**What is expected**.
From the first line to the last, output the data exactly as it stands, minus its pictures.

**Provided data**.
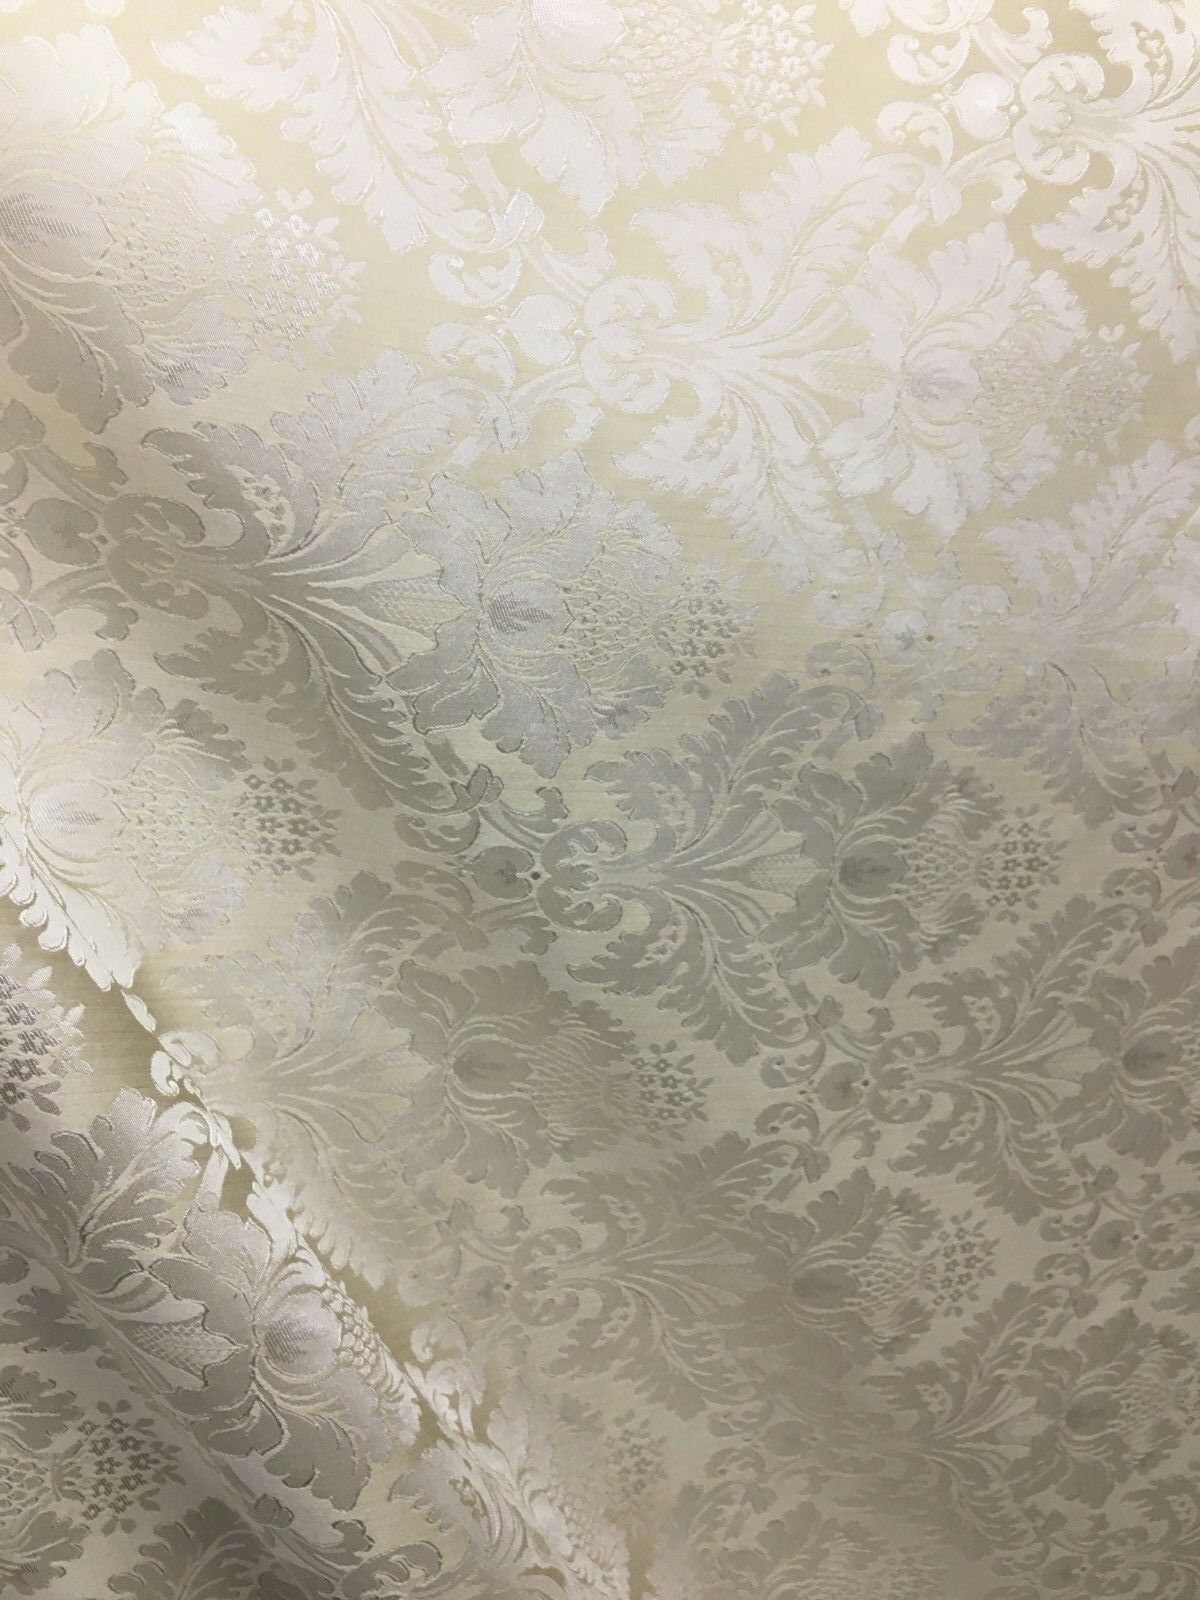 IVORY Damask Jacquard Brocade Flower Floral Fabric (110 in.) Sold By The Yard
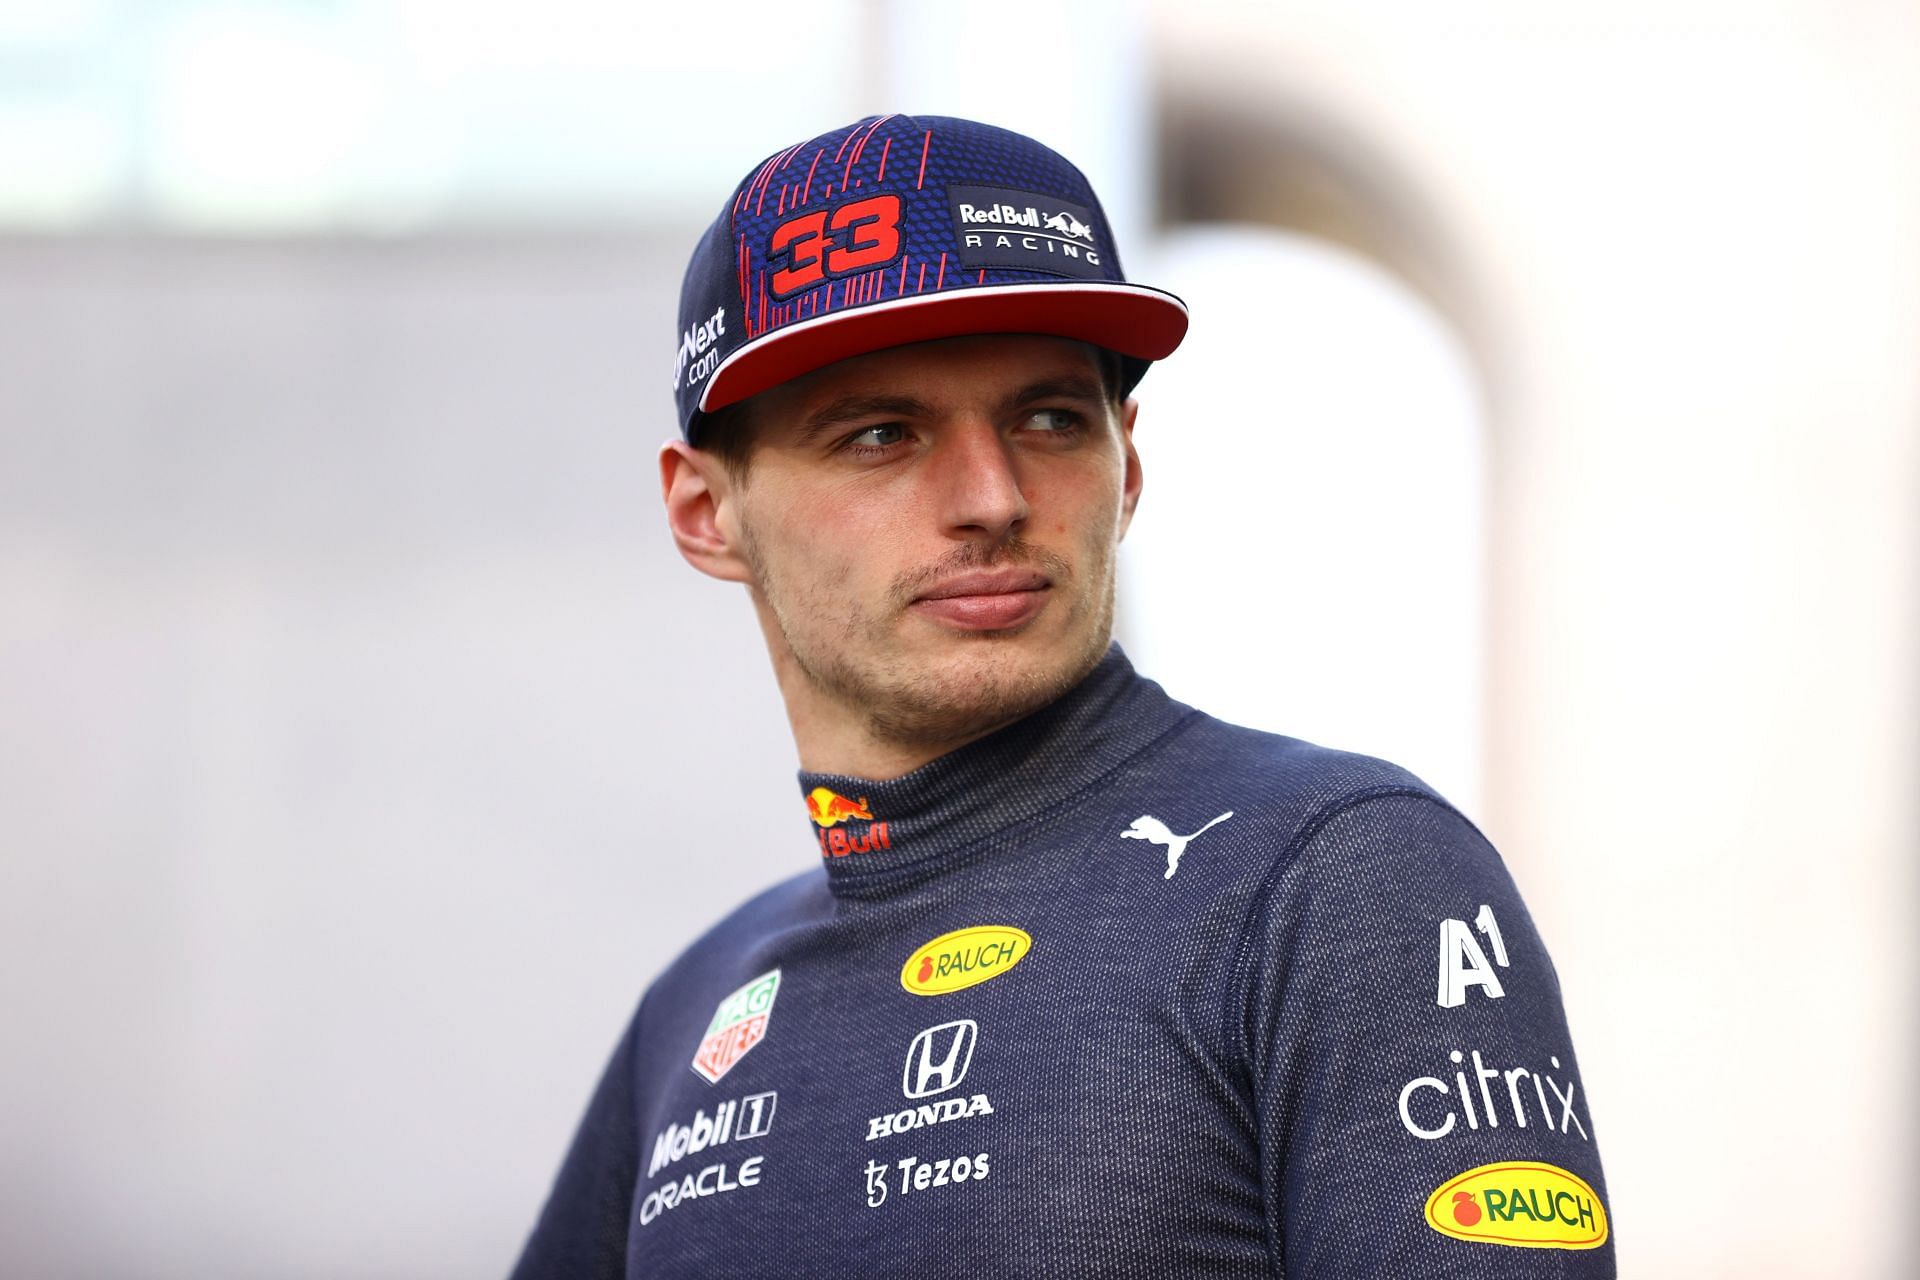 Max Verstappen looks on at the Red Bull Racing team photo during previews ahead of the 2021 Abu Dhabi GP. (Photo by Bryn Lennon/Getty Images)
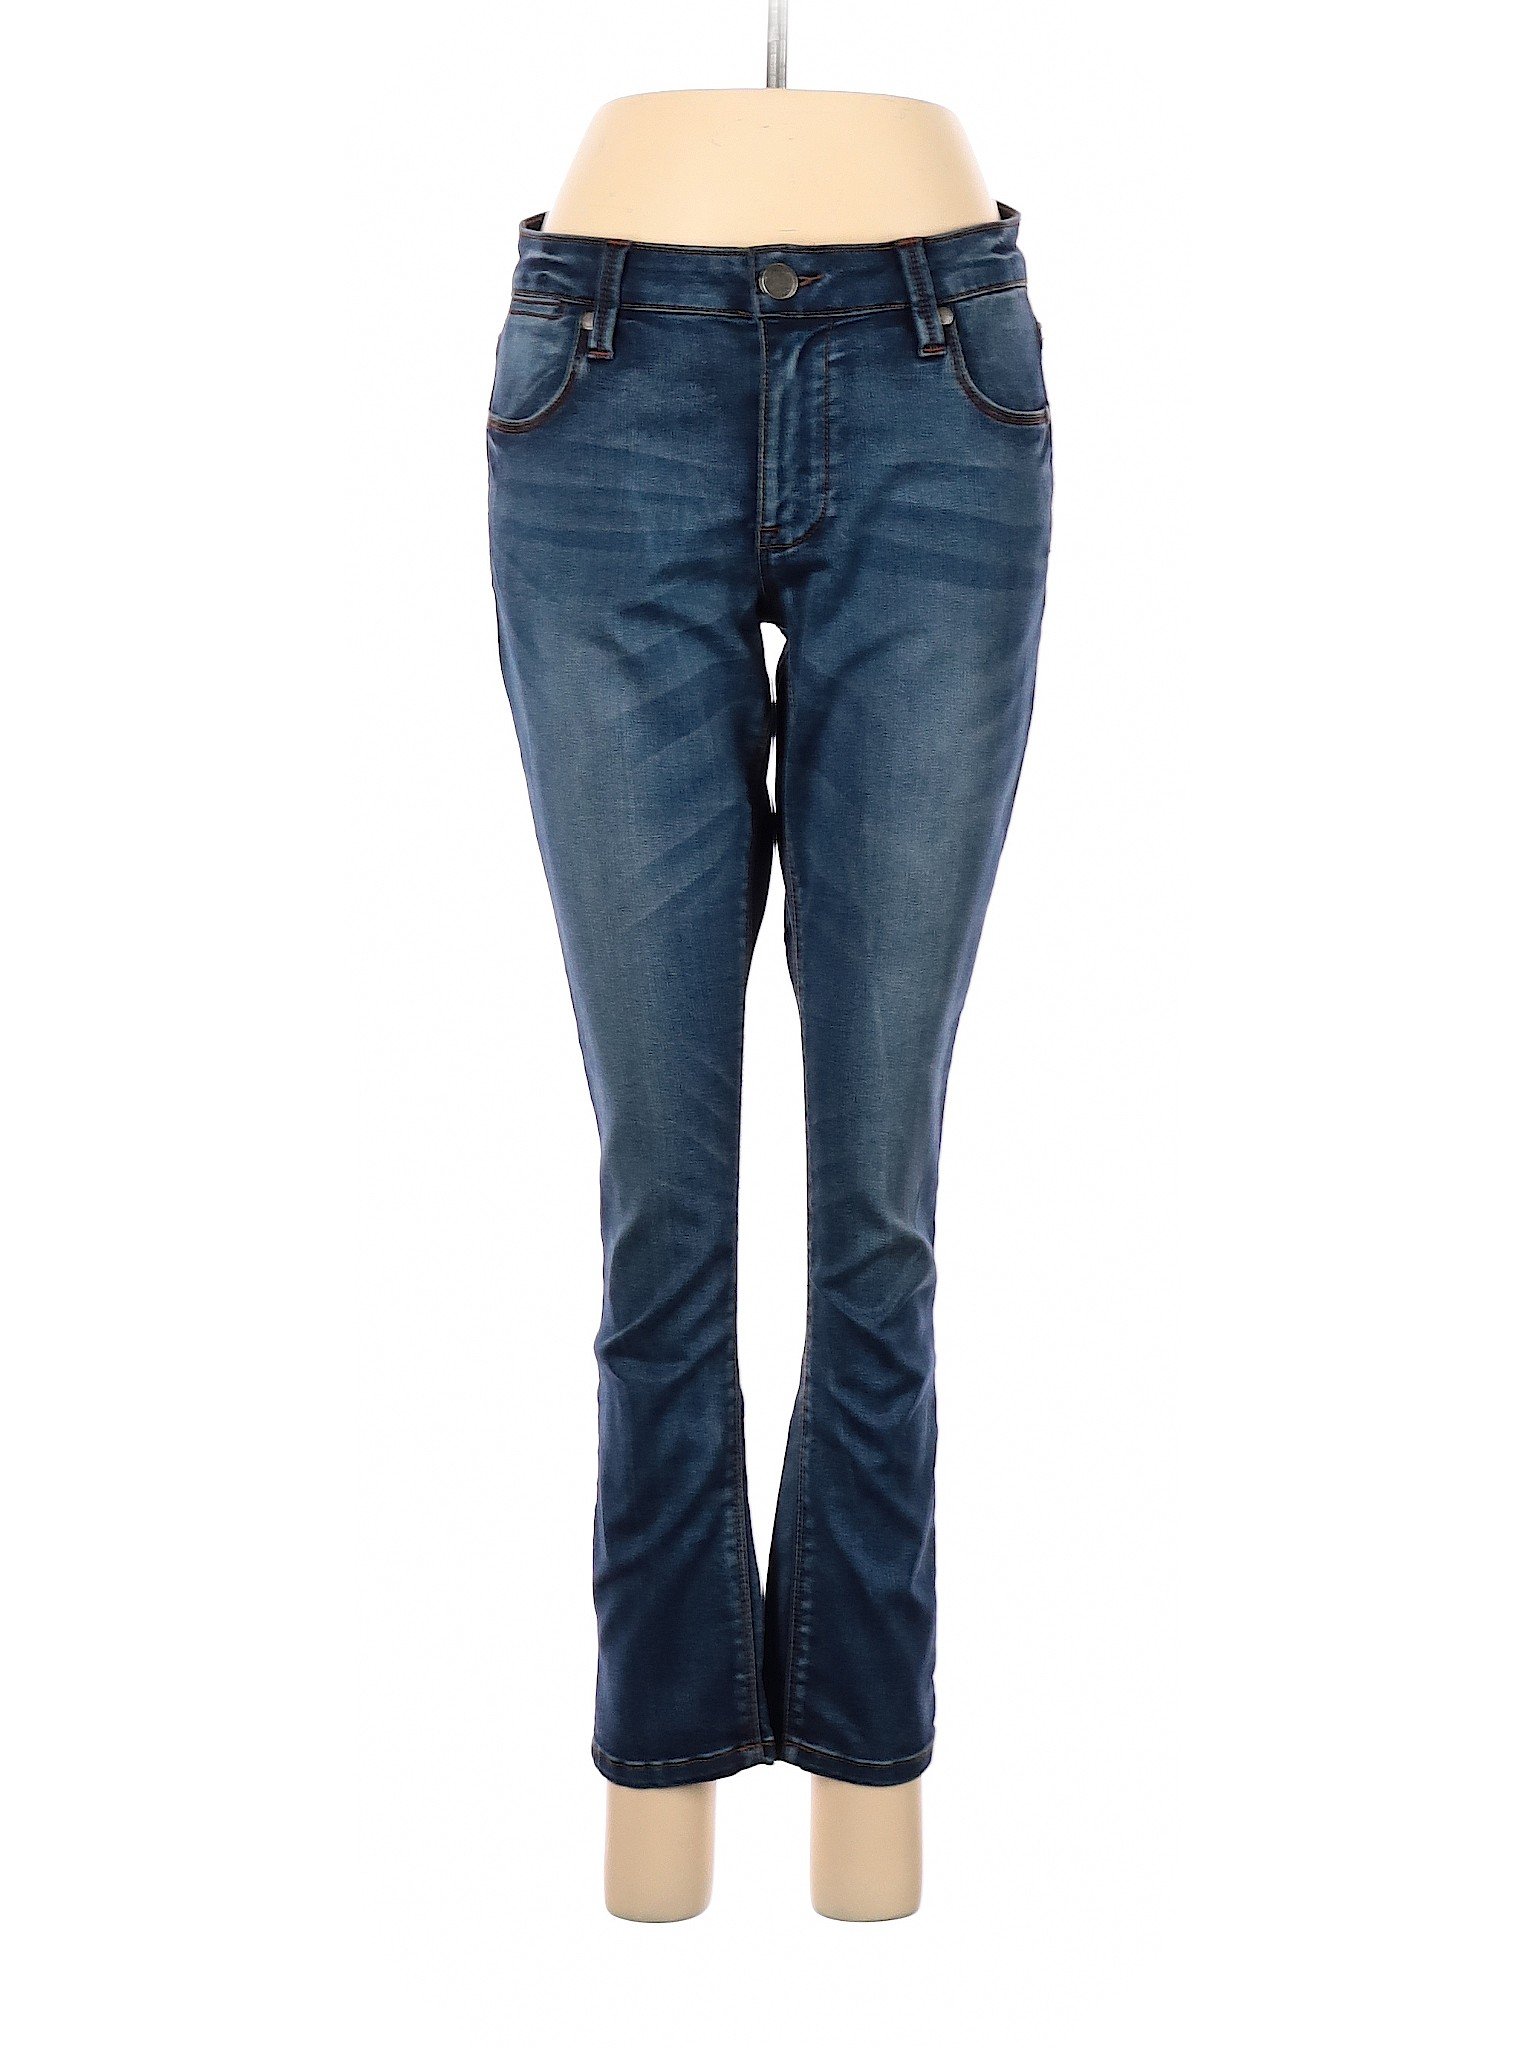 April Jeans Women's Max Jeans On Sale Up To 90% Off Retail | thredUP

**Result for this exercise**.
 IVORY Damask Jacquard Brocade Flower Floral Fabric (110 in.) Sold By The Yard
 Max Verstappen looks on at the Red Bull Racing team photo during previews ahead of the 2021 Abu Dhabi GP. (Photo by Bryn Lennon/Getty Images)
 April Jeans Women's Max Jeans On Sale Up To 90% Off Retail | thredUP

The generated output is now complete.